THE TASK: For this exercise, copy exactly the lines below from the one with "Die Staten Island" through the one with "Margin call dvdrip online dating 1" and leave out the pictures.

INFORMATION:
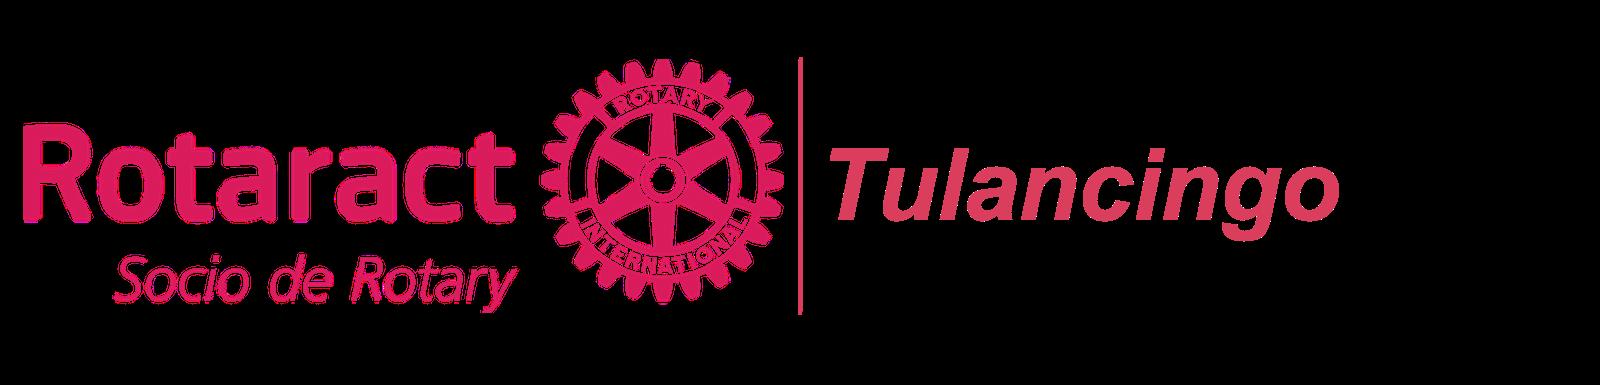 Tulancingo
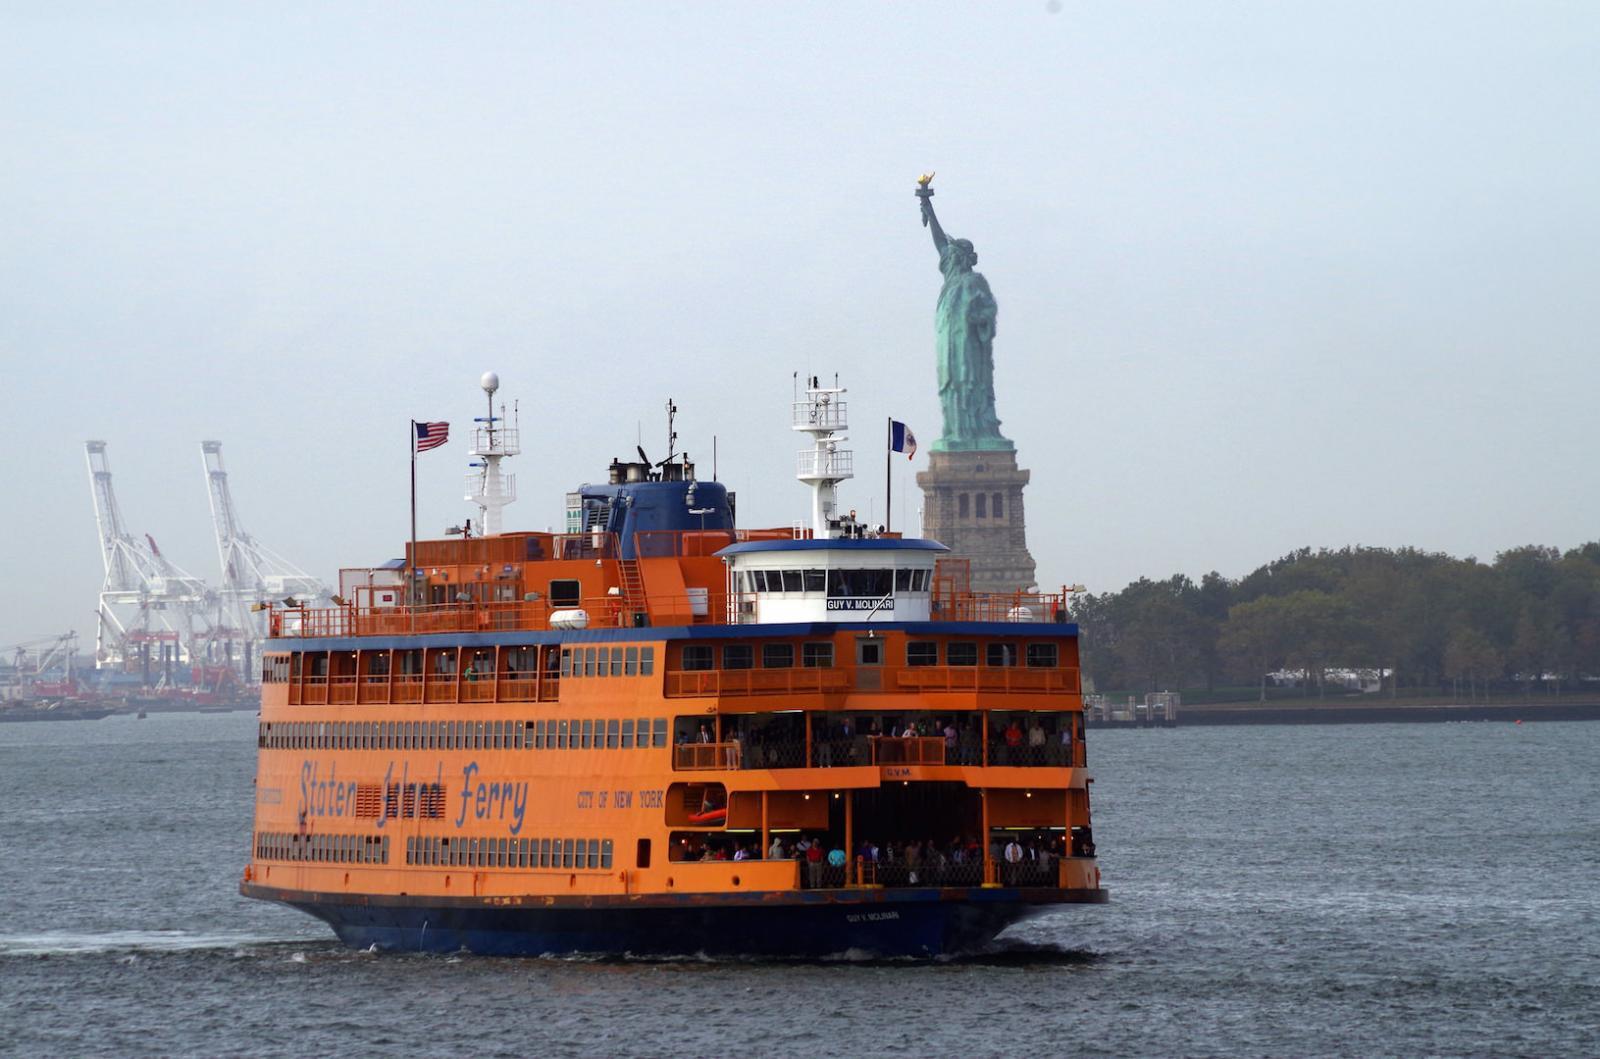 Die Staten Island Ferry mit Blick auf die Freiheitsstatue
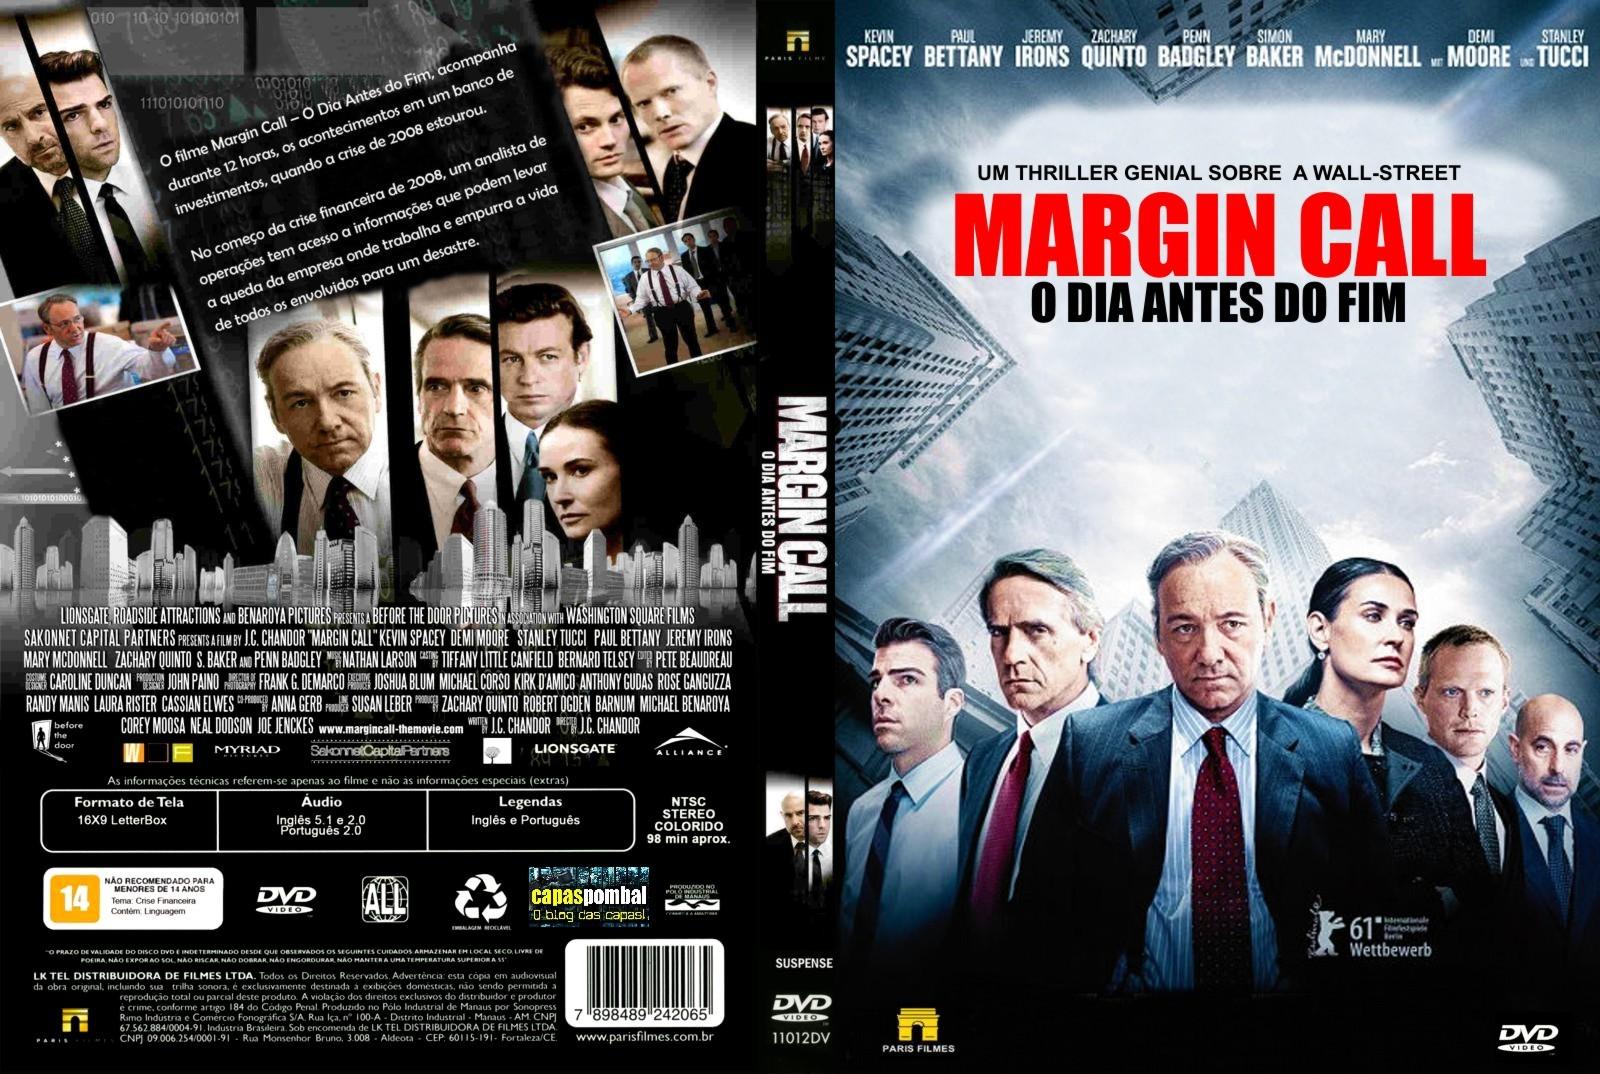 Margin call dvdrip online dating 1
* * *
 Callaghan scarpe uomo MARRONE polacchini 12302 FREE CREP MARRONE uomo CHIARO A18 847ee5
--
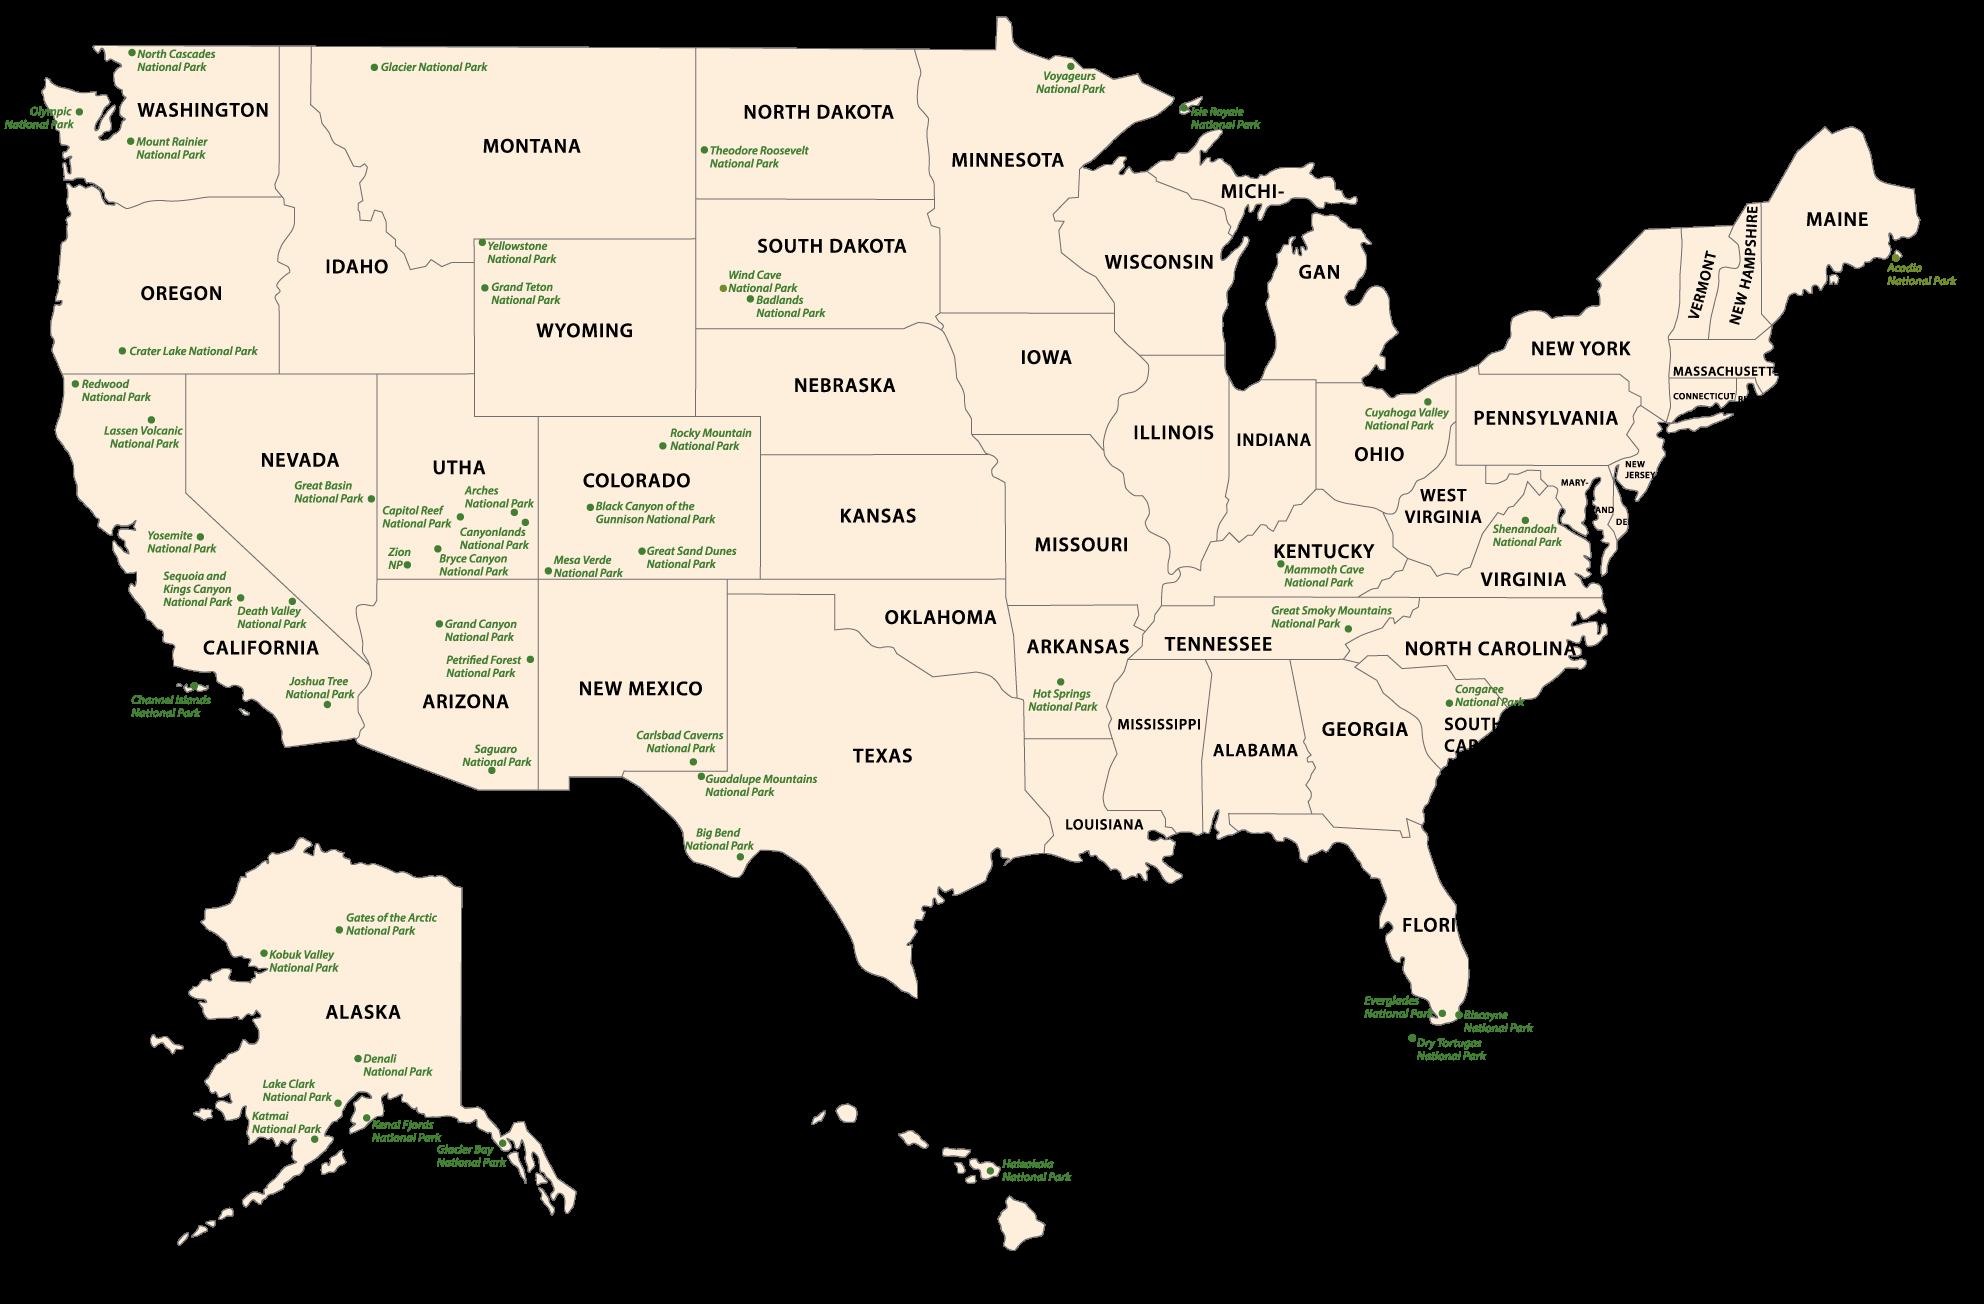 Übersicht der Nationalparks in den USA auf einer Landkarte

RESULT OF THE TASK:
 Die Staten Island Ferry mit Blick auf die Freiheitsstatue
 Margin call dvdrip online dating 1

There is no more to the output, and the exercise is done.